Sparrows are smarter. There’s this couple that’s trying very hard to build a nest on all the switchboardy electricity things above our dining table. My first reaction was awwwww till M disillusioned me with the idea of bird poop all over the food. There are also some wasps that keep trying to get into the plug points for some strange reason. The beehive in the tree near our balcony is now empty. Sadness. When I first came to this house with my valathu kaal, the hive was full of bee children. Now they’ve all gone. If I’d been Sashi Deshpande, I’d have written a splendid and sordid novel using this one image repeatedly throughout the novel and won the Sahitya Akademi. The bee children would crowd all over the hive and buzz away like bees. When I had to go to the balcony to hang clothes for drying , they always gave me the faint thrill of knowing that I could be attacked, thereby making clothes-hanging a dangerous and delicious experience. I also once saw a long, brown, gleaming beauty of a snake on the ground and screamed safely from the balcony. I’ve never seen that snake again, but I hope to. My everyday friend is the fat moron pigeon though.
I got my Power Cut! author copy (woot, I’m an author, I’m an author, woot) yesterday. It was a very suitable book for the occasion and I showed the thumbs-up to the fat pigeon. It hasn’t come to the shops yet, just the author (yay yay) has received it, so do not immediately book a call taxi and run off to Landmark, children.

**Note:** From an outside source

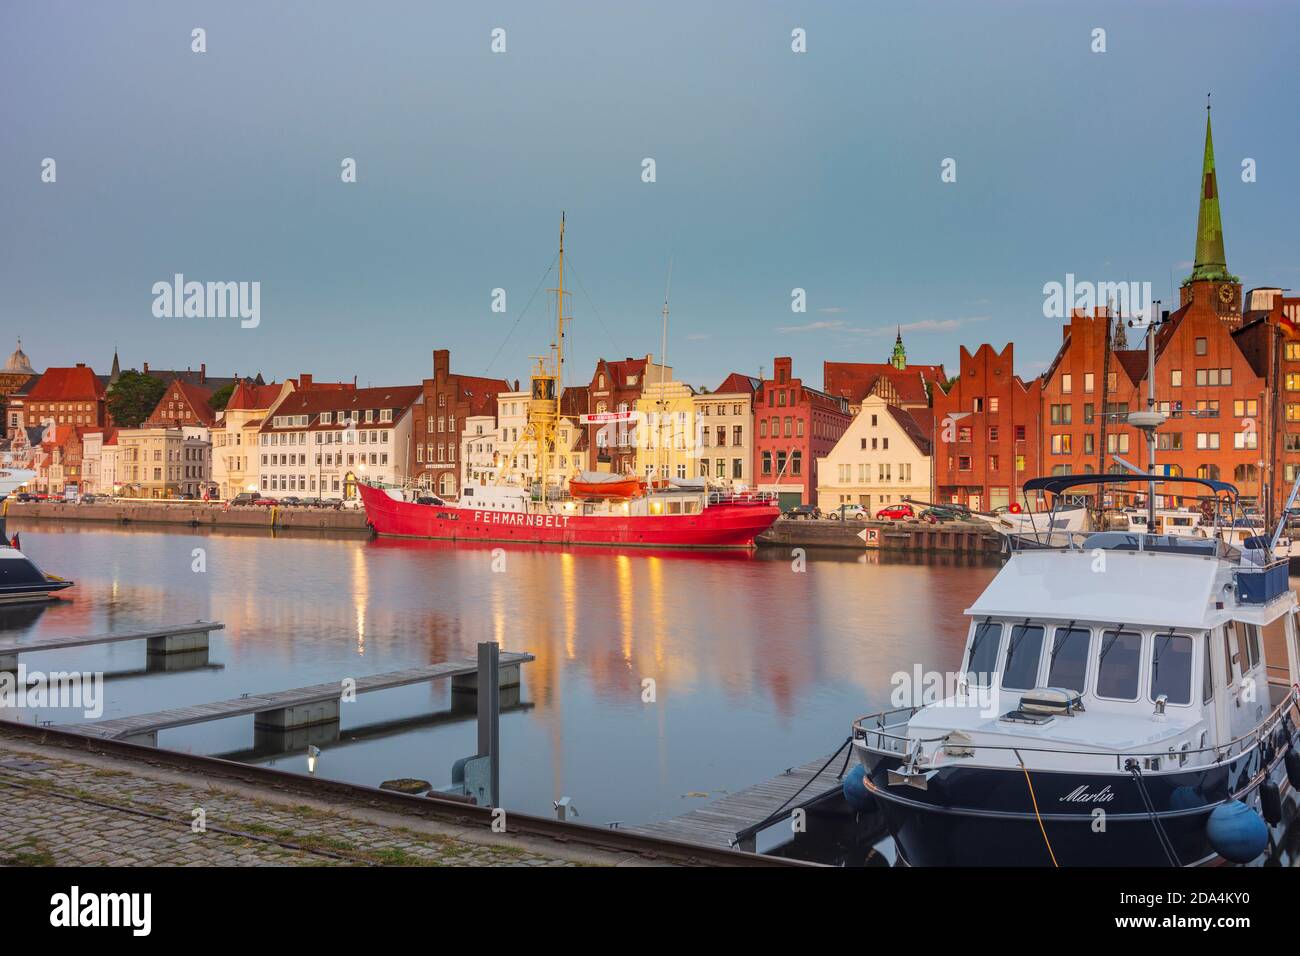 Lübeck: fiume Untertrave, nave museo Feuerschiff (Lightship) Fehmarnbelt, vista della città vecchia, chiesa Jakobikirche, Ostsee (Mar Baltico), Schleswig-Holst Foto Stock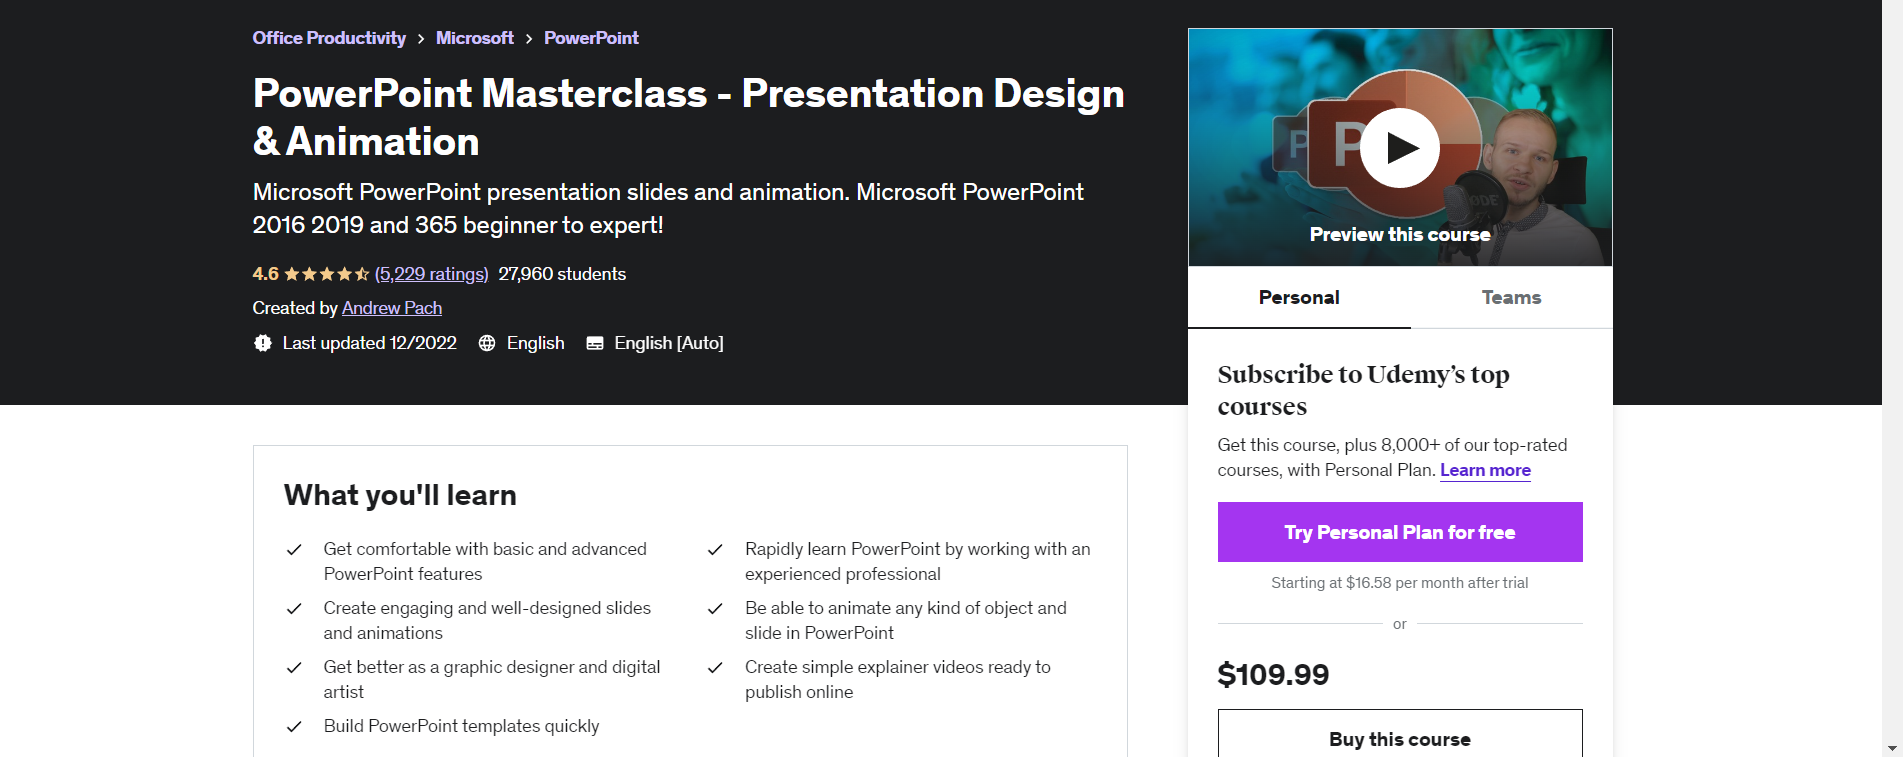 PowerPoint Masterclass- Presentation Design and Animation

Since the power had gone off, I couldn’t work. My laptop’s battery lasts for only twenty minutes. So what I did, I read The Godfather. Then, like a good lady of the house, I boiled all the milk. When M came home for lunch, he told me how to make carrot halwa (M’s true calling in life is cooking). So since there was nothing else to do and all the milk was going to die a rotten death anyway, I decided to try it out.
I bet that at this point, you think you’re going to read about how my carrot halwa got stuck to the pan or how I put off salt instead of sugar or how it was terrible and blah blah.
You are so wrong, children. My carrot halwa turned out to be awesome. It really was. It was the most orangey, yummy carrot halwa ever in the history of the universe. M and I finished it with the melting Mother Dairy vanilla ice-cream in the fridge.
Since I dabaaichufied work yesterday, I have to sincerely dash off a thousand emails now. People must be dying without my Best Regards.